__DIRECTIONS FOR THIS TASK__: Only a number is wanted: how many lines in these records contain the word "Sale"?

__TASK DATA__:
************

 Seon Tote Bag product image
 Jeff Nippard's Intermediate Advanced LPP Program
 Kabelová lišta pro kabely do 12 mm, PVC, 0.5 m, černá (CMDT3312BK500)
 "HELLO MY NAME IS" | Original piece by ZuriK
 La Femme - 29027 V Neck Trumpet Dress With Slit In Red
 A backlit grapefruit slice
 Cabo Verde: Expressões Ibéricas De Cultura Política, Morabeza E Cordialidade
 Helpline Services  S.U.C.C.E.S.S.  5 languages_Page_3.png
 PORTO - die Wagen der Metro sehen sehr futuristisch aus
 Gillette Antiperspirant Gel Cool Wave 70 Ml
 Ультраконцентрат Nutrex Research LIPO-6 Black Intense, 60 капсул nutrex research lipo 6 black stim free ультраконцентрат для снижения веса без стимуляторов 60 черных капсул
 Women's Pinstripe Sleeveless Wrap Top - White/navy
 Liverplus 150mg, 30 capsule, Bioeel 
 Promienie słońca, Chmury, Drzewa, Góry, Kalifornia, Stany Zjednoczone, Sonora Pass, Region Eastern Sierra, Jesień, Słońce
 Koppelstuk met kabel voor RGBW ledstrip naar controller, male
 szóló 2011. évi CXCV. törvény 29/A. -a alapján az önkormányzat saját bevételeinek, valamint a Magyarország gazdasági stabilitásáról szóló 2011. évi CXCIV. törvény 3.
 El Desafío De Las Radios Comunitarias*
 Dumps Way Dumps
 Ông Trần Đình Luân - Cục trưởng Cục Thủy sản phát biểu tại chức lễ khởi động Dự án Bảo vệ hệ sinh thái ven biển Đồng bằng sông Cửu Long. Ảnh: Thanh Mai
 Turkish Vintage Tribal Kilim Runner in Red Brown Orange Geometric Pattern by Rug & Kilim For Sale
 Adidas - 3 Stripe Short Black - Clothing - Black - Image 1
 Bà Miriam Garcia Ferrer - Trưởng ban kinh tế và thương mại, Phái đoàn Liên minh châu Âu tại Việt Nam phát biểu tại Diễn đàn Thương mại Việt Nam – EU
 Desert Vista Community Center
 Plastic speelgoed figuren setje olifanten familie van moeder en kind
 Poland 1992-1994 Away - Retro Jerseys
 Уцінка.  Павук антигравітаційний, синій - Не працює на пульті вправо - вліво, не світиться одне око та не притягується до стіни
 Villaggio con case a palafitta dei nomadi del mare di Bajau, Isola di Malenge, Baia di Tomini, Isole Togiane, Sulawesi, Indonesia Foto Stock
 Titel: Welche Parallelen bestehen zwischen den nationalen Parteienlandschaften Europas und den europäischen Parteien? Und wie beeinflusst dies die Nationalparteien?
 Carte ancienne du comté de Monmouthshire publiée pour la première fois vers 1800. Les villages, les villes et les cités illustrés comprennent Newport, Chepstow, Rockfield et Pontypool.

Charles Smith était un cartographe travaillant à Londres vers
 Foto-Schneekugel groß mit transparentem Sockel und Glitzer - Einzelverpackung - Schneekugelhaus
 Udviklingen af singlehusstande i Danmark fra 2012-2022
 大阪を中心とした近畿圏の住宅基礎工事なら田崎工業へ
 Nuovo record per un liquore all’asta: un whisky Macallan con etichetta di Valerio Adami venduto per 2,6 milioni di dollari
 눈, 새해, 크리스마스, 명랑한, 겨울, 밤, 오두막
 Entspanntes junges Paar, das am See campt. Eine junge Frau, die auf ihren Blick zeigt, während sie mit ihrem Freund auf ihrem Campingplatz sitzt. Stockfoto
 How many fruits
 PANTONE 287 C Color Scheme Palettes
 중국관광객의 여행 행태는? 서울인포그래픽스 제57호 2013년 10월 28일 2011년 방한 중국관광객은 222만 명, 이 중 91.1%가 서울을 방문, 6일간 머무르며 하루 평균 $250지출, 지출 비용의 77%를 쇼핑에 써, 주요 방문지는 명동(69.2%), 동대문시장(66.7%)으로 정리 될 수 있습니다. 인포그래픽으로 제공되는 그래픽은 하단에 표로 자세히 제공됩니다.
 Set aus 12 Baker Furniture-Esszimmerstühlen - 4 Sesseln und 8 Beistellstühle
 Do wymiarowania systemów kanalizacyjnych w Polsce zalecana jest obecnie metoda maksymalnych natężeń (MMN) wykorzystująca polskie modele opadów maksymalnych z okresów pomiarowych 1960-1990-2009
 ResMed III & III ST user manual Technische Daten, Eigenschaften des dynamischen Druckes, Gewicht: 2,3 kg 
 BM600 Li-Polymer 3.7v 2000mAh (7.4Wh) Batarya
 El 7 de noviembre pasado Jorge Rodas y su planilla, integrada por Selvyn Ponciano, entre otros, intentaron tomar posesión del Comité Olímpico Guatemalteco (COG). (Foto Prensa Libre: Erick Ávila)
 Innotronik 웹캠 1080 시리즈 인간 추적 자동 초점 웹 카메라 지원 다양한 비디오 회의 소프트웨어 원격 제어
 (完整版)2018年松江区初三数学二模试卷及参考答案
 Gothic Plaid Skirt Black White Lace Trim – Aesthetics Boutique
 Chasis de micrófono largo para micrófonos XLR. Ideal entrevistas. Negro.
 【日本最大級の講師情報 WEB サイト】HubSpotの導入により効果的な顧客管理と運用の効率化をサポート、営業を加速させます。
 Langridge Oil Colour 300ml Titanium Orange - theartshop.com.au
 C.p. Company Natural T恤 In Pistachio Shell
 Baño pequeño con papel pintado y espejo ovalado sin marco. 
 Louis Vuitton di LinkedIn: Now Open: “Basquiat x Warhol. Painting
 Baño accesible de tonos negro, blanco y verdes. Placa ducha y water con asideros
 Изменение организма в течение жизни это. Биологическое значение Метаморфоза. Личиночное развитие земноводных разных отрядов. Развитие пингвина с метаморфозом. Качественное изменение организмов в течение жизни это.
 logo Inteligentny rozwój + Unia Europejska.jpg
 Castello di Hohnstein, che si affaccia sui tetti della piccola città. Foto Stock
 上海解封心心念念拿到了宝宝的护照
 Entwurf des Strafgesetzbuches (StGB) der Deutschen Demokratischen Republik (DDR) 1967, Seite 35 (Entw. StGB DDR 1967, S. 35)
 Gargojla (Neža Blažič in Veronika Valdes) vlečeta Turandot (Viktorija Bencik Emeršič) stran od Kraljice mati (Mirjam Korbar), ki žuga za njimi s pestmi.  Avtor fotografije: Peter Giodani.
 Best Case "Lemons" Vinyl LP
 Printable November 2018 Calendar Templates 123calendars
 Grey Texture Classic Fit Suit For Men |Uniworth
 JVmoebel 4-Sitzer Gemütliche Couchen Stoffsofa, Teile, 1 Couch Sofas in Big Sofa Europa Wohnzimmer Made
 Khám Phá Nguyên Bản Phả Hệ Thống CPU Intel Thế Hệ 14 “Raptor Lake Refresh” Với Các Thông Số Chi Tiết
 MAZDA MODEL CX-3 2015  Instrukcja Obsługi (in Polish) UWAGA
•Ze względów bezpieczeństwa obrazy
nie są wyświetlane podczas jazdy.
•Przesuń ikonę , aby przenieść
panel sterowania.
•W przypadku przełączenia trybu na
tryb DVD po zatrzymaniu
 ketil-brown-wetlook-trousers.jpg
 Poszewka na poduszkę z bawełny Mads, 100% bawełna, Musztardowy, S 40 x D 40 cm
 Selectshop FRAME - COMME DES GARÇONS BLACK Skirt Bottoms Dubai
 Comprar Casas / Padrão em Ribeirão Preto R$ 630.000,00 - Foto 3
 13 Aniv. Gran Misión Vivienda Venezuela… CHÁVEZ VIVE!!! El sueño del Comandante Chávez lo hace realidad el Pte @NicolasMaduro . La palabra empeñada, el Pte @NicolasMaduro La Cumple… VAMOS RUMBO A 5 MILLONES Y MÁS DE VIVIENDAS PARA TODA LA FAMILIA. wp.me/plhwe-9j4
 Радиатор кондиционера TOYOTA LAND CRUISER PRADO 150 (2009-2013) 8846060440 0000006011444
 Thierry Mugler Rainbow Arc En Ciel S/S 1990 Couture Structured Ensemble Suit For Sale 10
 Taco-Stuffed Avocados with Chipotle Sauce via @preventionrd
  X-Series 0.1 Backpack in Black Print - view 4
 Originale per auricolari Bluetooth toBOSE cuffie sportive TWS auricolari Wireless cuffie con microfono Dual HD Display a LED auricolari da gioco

************

__TASK RESPONSE__: 2